There are a lot of law schools around.  So many that many are failing.  And if you get no advantage other than cost savings, what other point is there to having it.

UW doesn't have a medical school, dental school, or veterinary school.  Now, it'd be true that there's a lot more lawyers than dentists, doctors, or veterinarians, but that's part of the point.  Now we not only have the in state practitioners but a lot of out of state ones practicing here as well.  So do we really need a school which will encourage people to enter such a flooded area?

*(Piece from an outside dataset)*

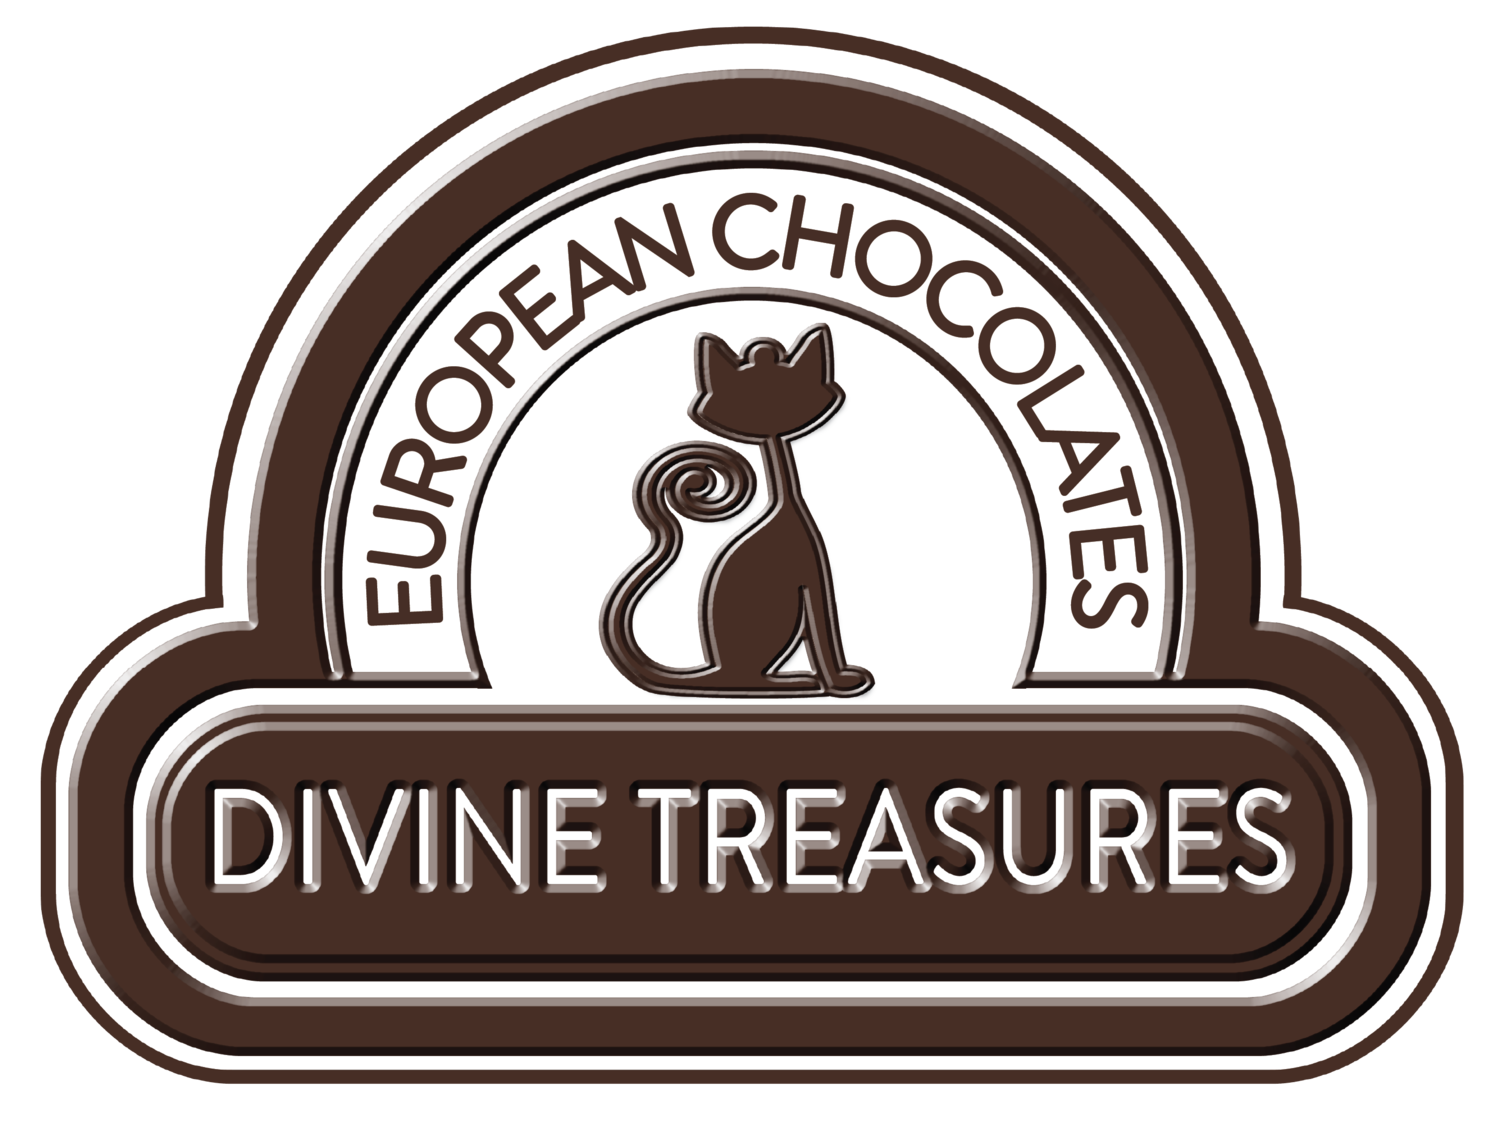 Divine Treasures Chocolate

Wouldn't it make more sense, at this point, to approach the field of law like we do the field of medicine and simply make arrangements with out of state law schools, which are hurting for applicants, so that our residents can go to them at an instate tuition rate.  It's worked for other professional fields, it'd work for law, particularly when attending UW's College of Law affords no real advantage anymore.  Indeed, part of the mission of the law school, in its view, is to draw in students from elsewhere most of whom go elsewhere.

Perhaps, therefore, it's time to take a page out of Alaska's book. Alaska's population is about the same as ours and it has no law school.  Rather, it has made arrangements with at least one other school to act as that school for Alaska's students who wish to study law.  Sadly, UW sort of saw itself in that role, I'd note, but didn't become that school, for whatever reason.

Now, are there counter arguments for this?  Of course there are. For one thing, the school's been around for a long time so while its hurting, it is established.  And going there does mean that the students are likely in contact with local practitioneres, which might give them an advantage in getting a job. And it means that those who want to study law here might not have to leave their home states to do that.

Balanced against that, graduates are entering a crowded field in which lawyers from surrounding states are now part of their competition, so they might not end up here anyway, or might not end up in the field they hoped (although that's always been common).  Maybe we're even at the point where it might not really be a good idea to give students false hopes by having an entire college dedicated to a field of study that's rapidly declining in terms of employbility due to market saturation and technological change.

Of course, none of this would be as fully true of Wyoming, which has unique law, had a unique bar exam, which would also serve to protect the interest of the state's citizens.

Seems like we had that at one time. . . . 

Well, it's often said that "you can't go home again". Well, you can.  You just have to want to.